I remember that the teacher told us that after a personality test said she was an extrovert, she was surprised. She had always thought of herself as an introvert. But then, she realized how much talking to others helped her frame her own thoughts, so she accepted her new-found status as an extrovert.

7. Avoid crossword puzzles

Many of us, when we think of brain fitness, think of crossword puzzles. And it’s true–crossword puzzles do improve our fluency, yet studies show they are not enough by themselves.

Are they fun? Yes. Do they sharpen your brain? Not really.

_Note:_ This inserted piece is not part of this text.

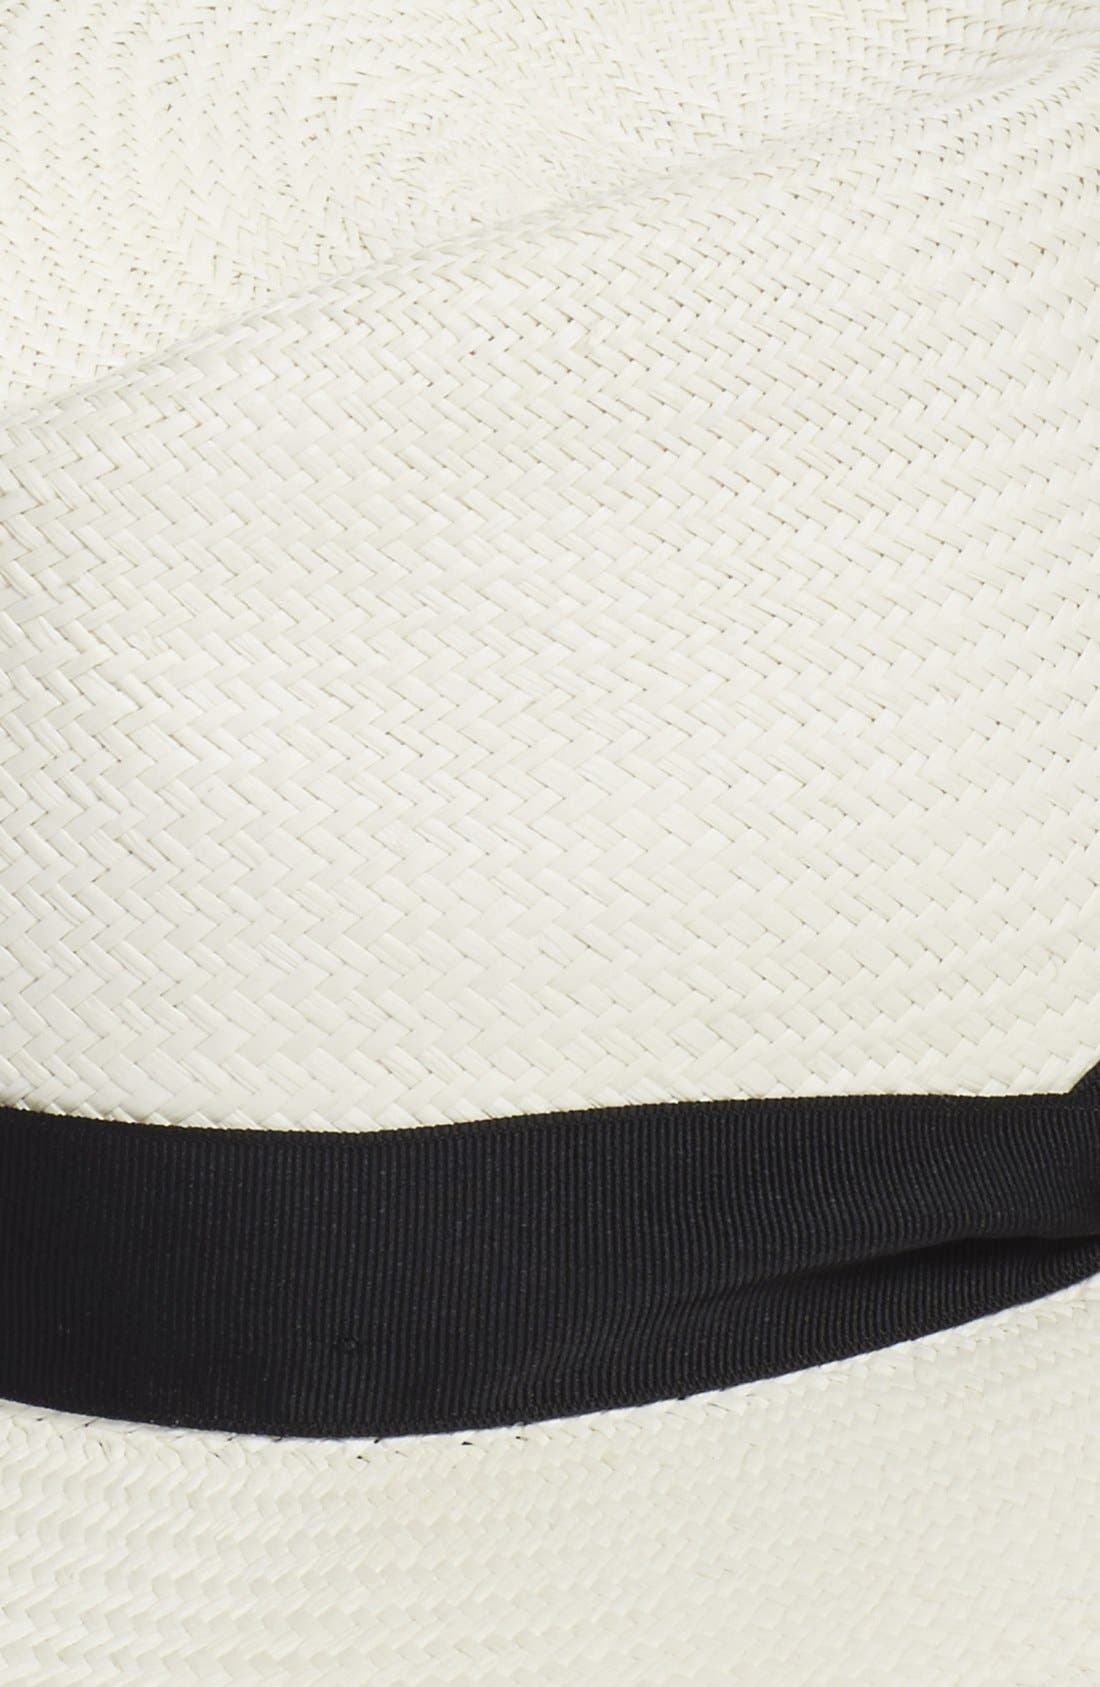 RAG & BONE, Straw Panama Hat, Alternate thumbnail 4, color, WHITE

Of course, if you are doing this for fun, then by all means go ahead. If you are doing it for brain fitness, then you might want to choose another activity

8. Eat right – and make sure dark chocolate is included

Foods like fish, fruits, and vegetables help your brain perform optimally. Yet, you might not know that dark chocolate gives your brain a good boost as well.

When you eat chocolate, your brain produces dopamine. And dopamine helps you learn faster and remember better. Not to mention, chocolate contains flavonols, antioxidants, which also improve your brain functions.

So next time you have something difficult to do, make sure you grab a bite or two of dark chocolate!

The bottom line

Now that you know how to train your brain, it’s actually time to start doing.

Don’t just consume this content and then go on with your life as if nothing has changed. Put this knowledge into action and become smarter than ever!